We talked for about an hour and half, rarely losing eye contact. He
seemed to me a vastly improved version of myself, a sort of black,
Brazilian Barlow, more talented, wise, and accomplished, but saddled
with none of my vices.

We found that we agreed in great and simple completeness on a number
of important matters. We agree that music - indeed, all of human
creation - is an ecosystem that deserves more thoughtful stewardship
than it’s getting. We admire the works of Frank Zappa, Andre
Malreaux, Bob Marley, Pink Floyd, and Teilhard de Chardin (among
many, more obscure, others). We believe there is One Love. We believe
that fear is the only problem. We think that the economics of
creativity may be very different from the economics of manufacturing.

We believe that there is a great conflict underway between large
institutions, most notably corporations, and human beings. We believe
that the moment has come round when the human beings must find ways
to influence the behavior of these global creatures so they serve
human rather than institutional objectives. We believe that, just as
the United States has become the capital of Leviathan, so might
Brazil become the capital of that which is simple and human.

We believe that there is more reason for optimism than ever.
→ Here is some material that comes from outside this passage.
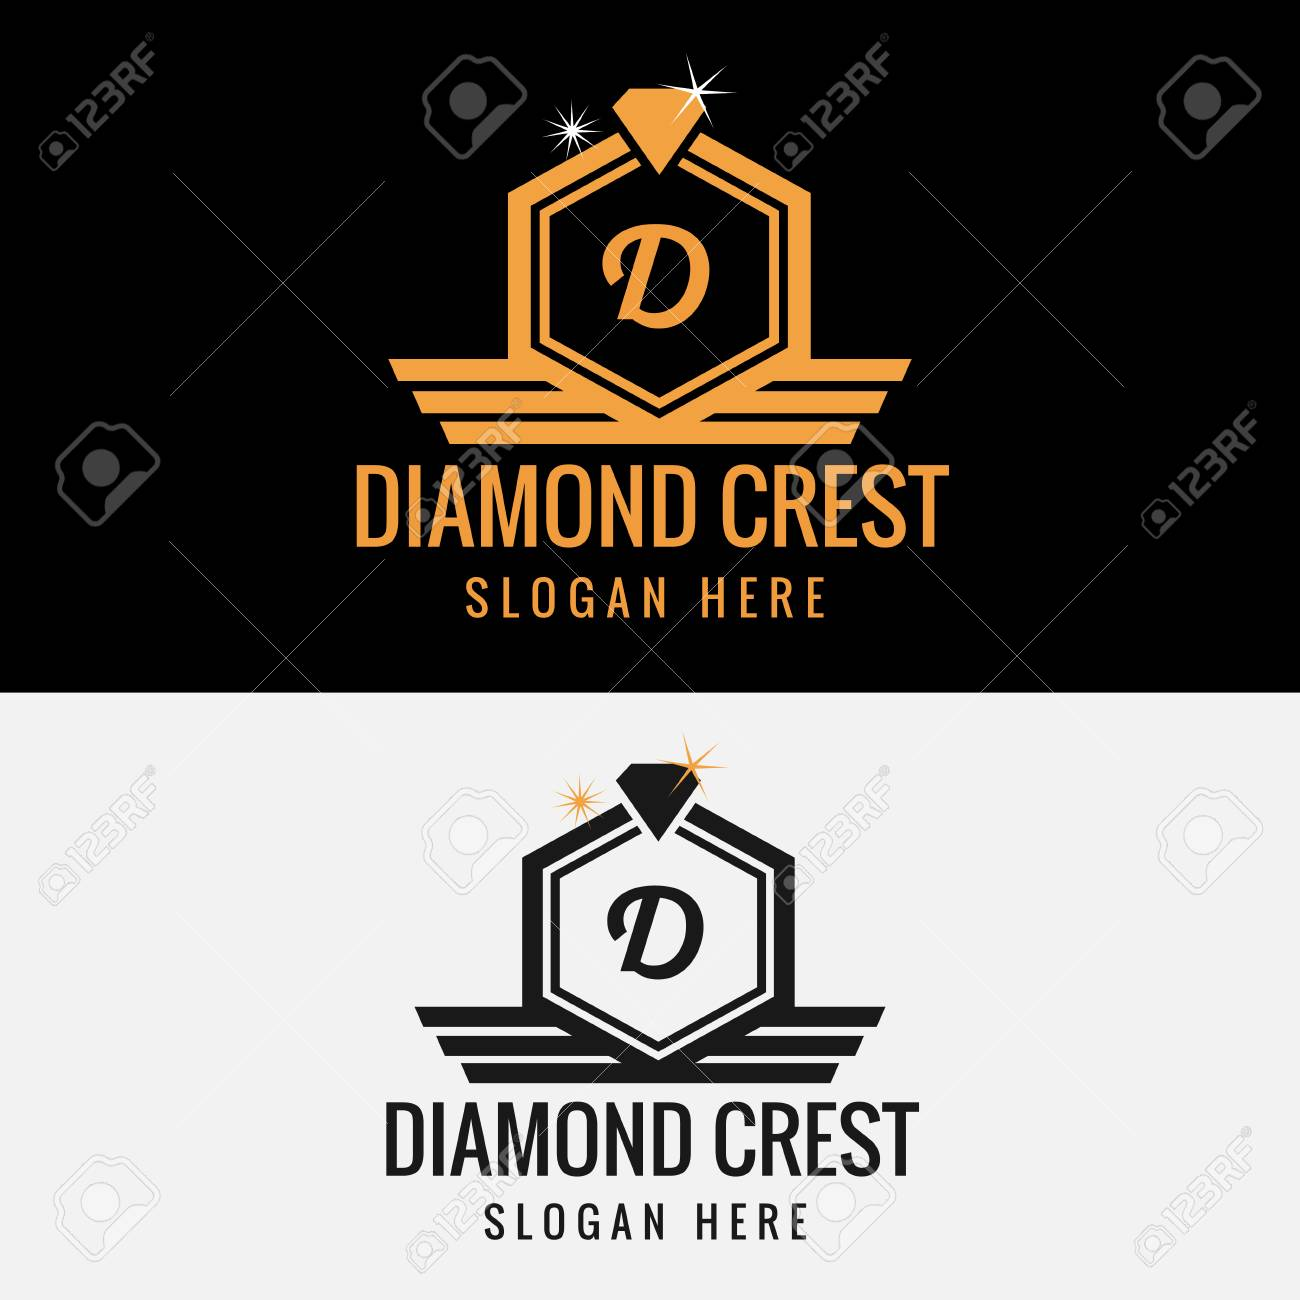 royal diamond crest logo template royalty free cliparts vectors

We
believe, along with Emerson, that, when it gets dark like this, it’s
easier to see the stars.

We believe in common many things, including a few I’m not sure I’ve
ever discussed with anyone. We were both interested in extending the
conversation. He wanted to know when I could come to Brazil and I
told him I’d work on clearing out my calendar in March.

Gil has led an astonishing life. I love his music, now that I’m
becoming familiar with it, and has formed it out of of a huge stew of
musical forms and traditions. In Brazil, I now learn, he is the Pele
of song. He has created music with a broad variety of folks, ranging
from Jimmy Cliff to the Incredible String Band.

He has also been a notable dissident and political activist. Along
with his best friend, Caetano Veloso (also a song-writing superstar),
he was imprisoned and exiled by the Generals during the late 60’s. He
has been tireless in his defense of the downtrodden but is not a
conventional leftist, any more than I am.

Gil is a deeply spiritual guy, though not apparently religious in the
usual sense. He is an intellectual without the post-Modern rhetorical
garbage that has has made the learned discourse of our generation so
wearisome. He is Marx without Lenin. (Or maybe with Lennon.) He is
Gandhi with a guitar. He is a very cool dude.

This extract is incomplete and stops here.